Glass Half Full: parenting through teenage years
Updated: Nov 13
Most people tend to have either a positive or a negative outlook. Because a fruit of the Spirit is joy, I'm betting those in Jesus' camp lean toward the positive side. At a certain age—sometime during the teens—even the most optimistic children can lose their charge.
What’s a Christian parent of a brooding or disagreeable teenager to do?
I, for one, wanted to hide from my kids during those years. As locking myself in my room wasn’t an option, I worked on a game plan instead. My husband agreed to install a levee against the tide of frowns, gloom, and doom in form of a family gratitude journal.
As expected, gratitude journaling met with similar responses to family fun (some might call it "forced family fun" because at a certain age, who wants to do anything with their parents, especially if it revolves around prayer time?).
Forced family GRATITUDE (FFG) consisted of each family member stating something for which he/she was grateful. It could be as simple as eating a favorite dessert or getting a good grade in school. Because there is so much for which to be thankful, we encouraged originality—no copying others’ answers.
One child penned our answers; she took great ownership (maybe even a heavy-handed approach) in how our gratitude should be recorded (the less to write, the better). Coming up with one answer for which to be grateful was easy, but it took deeper digging for multiple unique responses. "Ummm ..." and "Hey, you took my answer!" were common.
Over time, we evolved from the obvious like new tennis shoes, to the not-so-obvious, like clean socks, to the novel, like Chapstick. It became a fun game to see who could come up with the cleverest responses. We soon forgot to be grumpy during this so-called "forced" exercise.

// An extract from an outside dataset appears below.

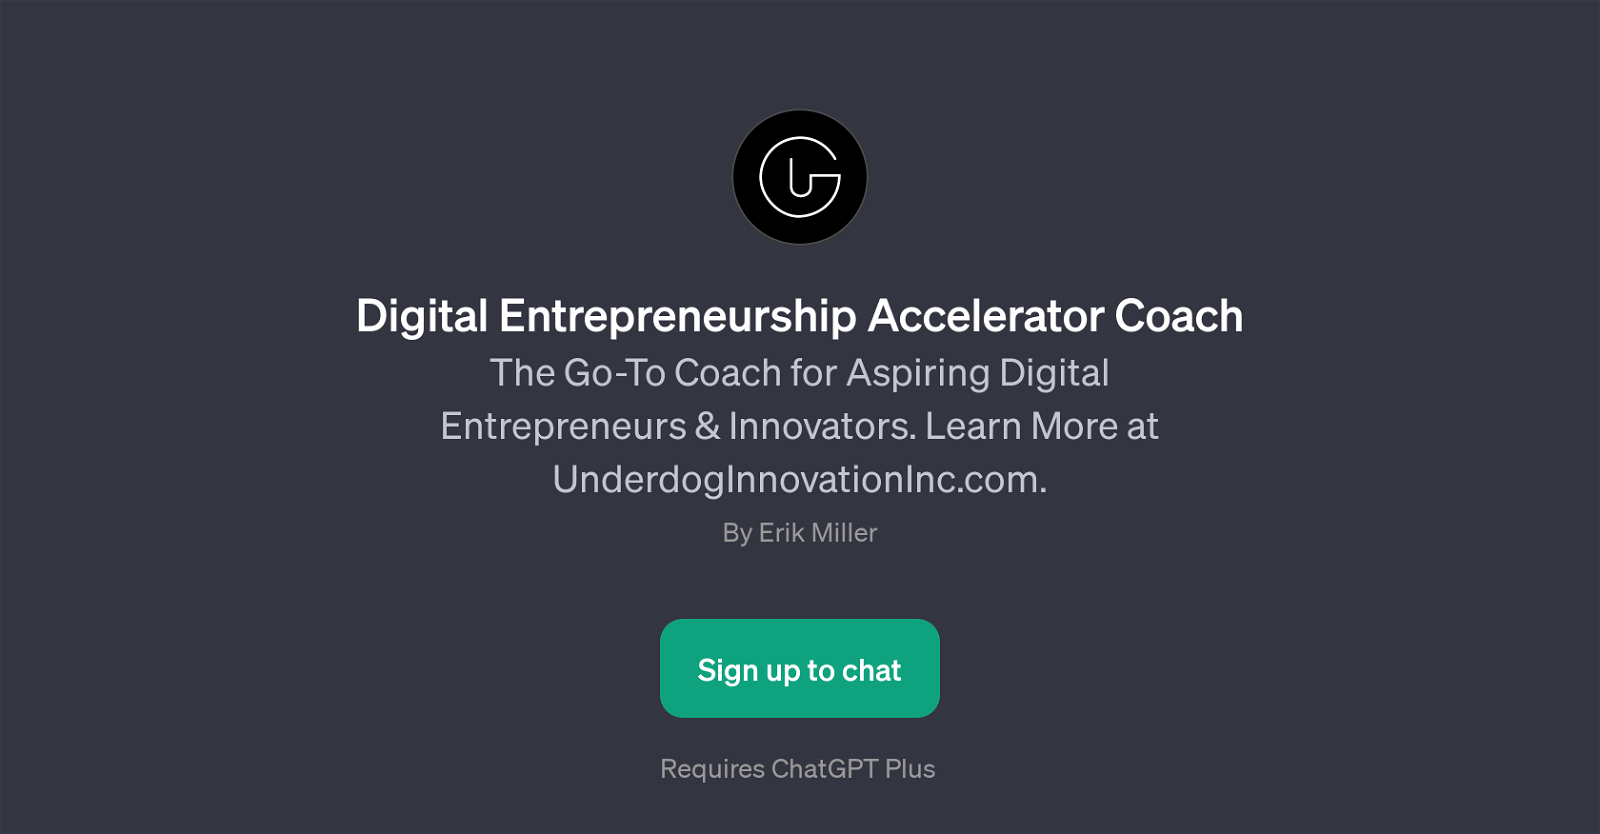 Digital Entrepreneurship Accelerator Coach website

As grown-ups complain plenty too, the gratitude journal helped my husband and me keep our complaints in perspective. A unique response was when my husband was grateful for our high heating bill. Why? Because our family had stayed warm.
Guests and visitors humored us by eagerly participating in our gratitude journal ritual. They started out by saying they were most grateful for their gracious hosts—us! Of course, we never disagreed with their obligatory assessments.
Ten years into our routine, we are delighted to discover our journal is thick with history. Not only have we accumulated an account of family and friends who had come to visit, but we had recorded major life events such as college acceptances and rejections, big and small travels, and other poignant memories. Fortuitously, our forced family gratitude has evolved into a family journal.
No longer grumbling about gratitude journaling, we enjoy reading through entries and recollecting the stories behind them. In an entry from 2014, one child said she was grateful for not hitting her head on a rock. This prompted a memory and laughter about the time we went rock climbing for the first time with their cousins. As newbies, we were grateful for getting out unscathed from climbing, although there were a few close calls. Reminiscing about events by reading past entries is an added benefit to our gratitude journal.
We still grumble a lot. It takes work to ward off negativity and to consistently adopt a positive outlook. But the journal has made us grumble less. For that, I am grateful.